Cape Town - Auditor general Kimi Makwetu has identified the fact that more and more state and provincial departments are contesting audit outcomes without substance, with some even threatening his office with legal action, as a concerning trend in 2015/16 audit processes.
Briefing Parliament’s Standing Committee on Public Accounts (Scopa), Makwetu noted that contestations and pushbacks on audit outcomes without substance are on the increase. “This makes for a very unpleasant exercise to conduct audit exercises,” he said, “as this is an accountability process, not legal”.
Makwetu said it is concerning that there has been little change in the audit outcomes at state and provincial departments. “There has been little improvement at an overall level of getting the basics right. Less than half of the auditees had good basic principles in place.”
In addition, there has been no improvement in audit opinions on financial statements, information provided has been generally unreliable and non-compliance with legislation and regulation remains high.

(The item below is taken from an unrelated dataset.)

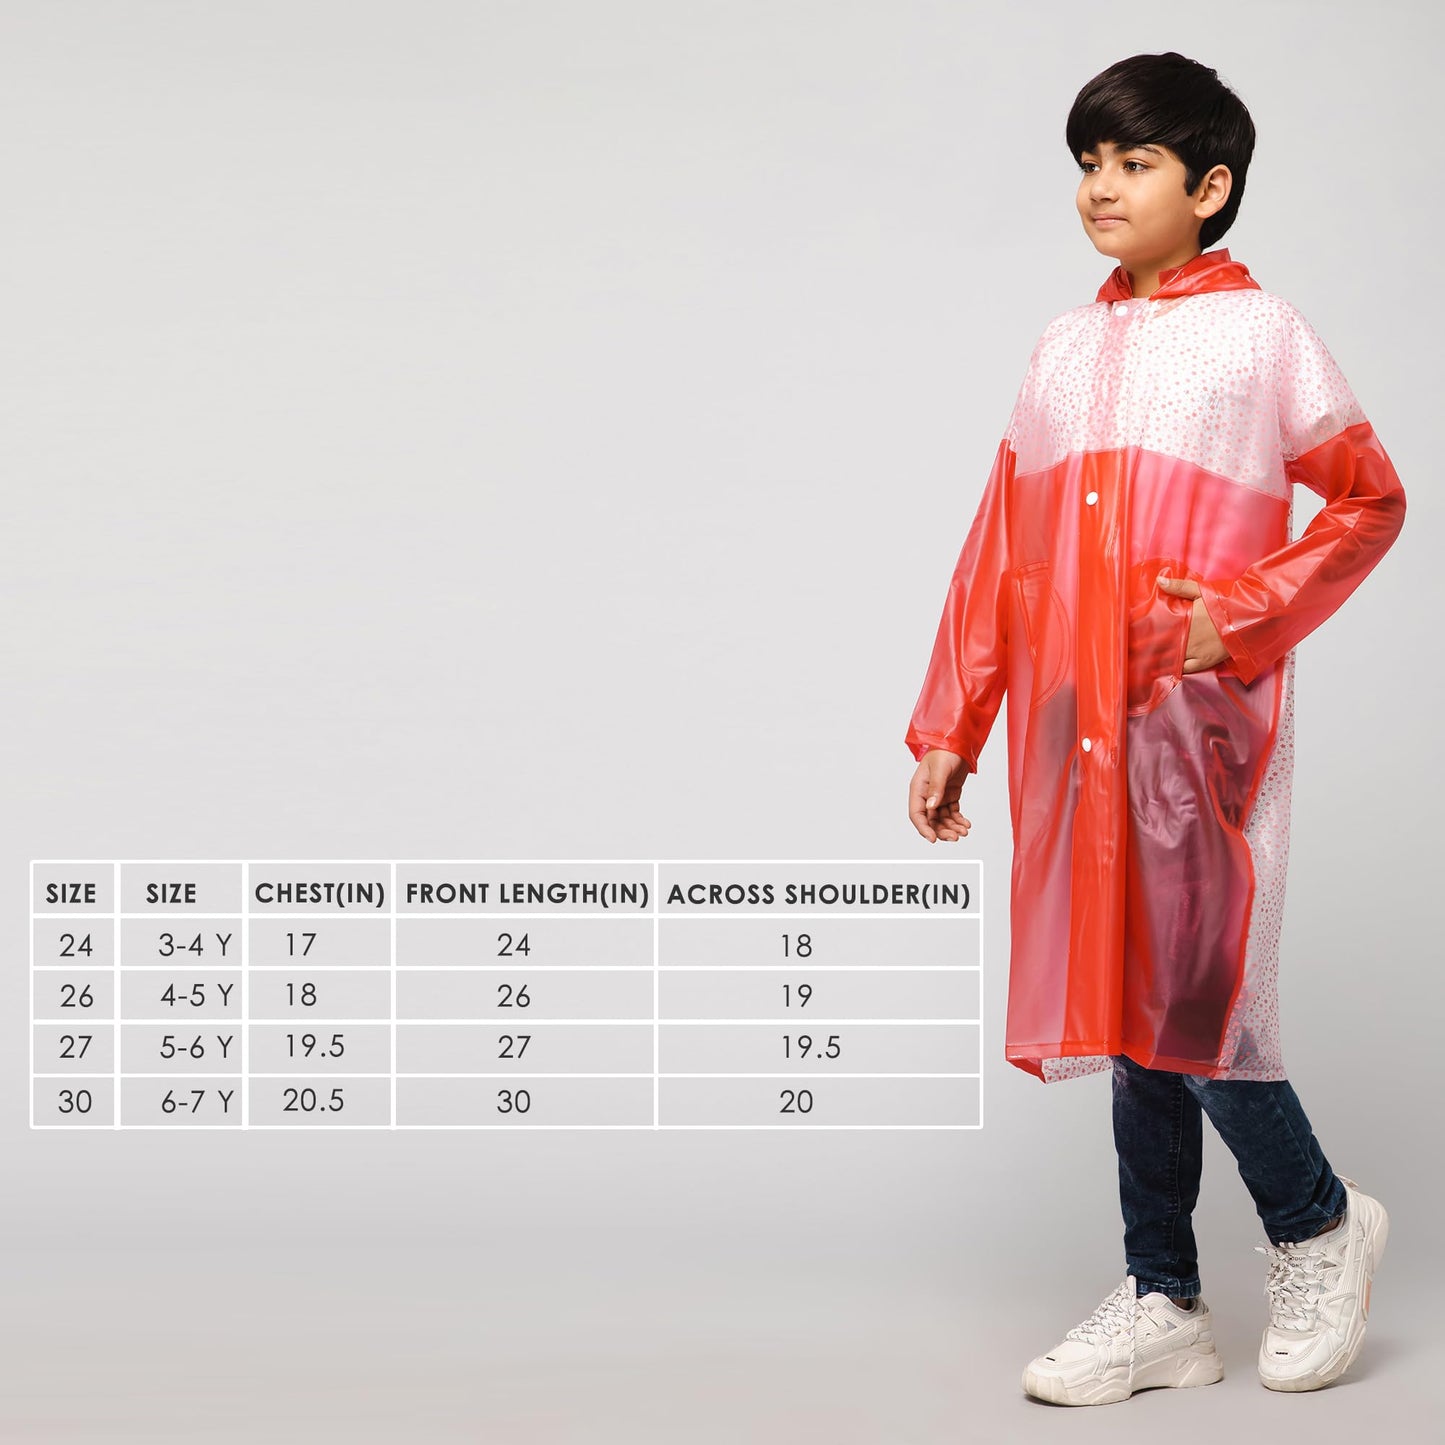 THE CLOWNFISH Drip Dude Series Unisex Kids Waterproof Single Layer PVC Longcoat/Raincoat with Adjustable Hood. Age-5-6 Years (Rose Red)

“There are also signs of financial distress at a number of state and provincial departments,” Makwetu said. “More auditees incurred deficits. Some departments are funding cash shortfalls from the next year’s budget, while a high number of departments have poor revenue management abilities and can’t pay creditors within the required 30 days.”
Turning to irregular expenditure, Makwetu said 92% of such spending occurred because departments did not comply with supply chain management legislation.
“Irregular expenditure, however, does not necessarily mean that money was wasted or that fraud was committed,” he pointed out. “It’s rather an indicator of non-compliance which requires investigation into whether it was an unintended error, negligence, or done with the intention to work against the necessary requirements.”
READ: Prasa wastes billions in irregular spending
In the 2015/16 financial year, the highest contributors of irregular expenditure were:
- Prasa: R13.9bn;
- KZN Health Department: R2.5bn;
- Gauteng Human Settlements Department: R2.3bn;
- Gauteng Roads and Transport Department: R2bn;
- Mpumalanga Health Department: R1.9bn; and
- National Department of Water and Sanitation: R1.7bn.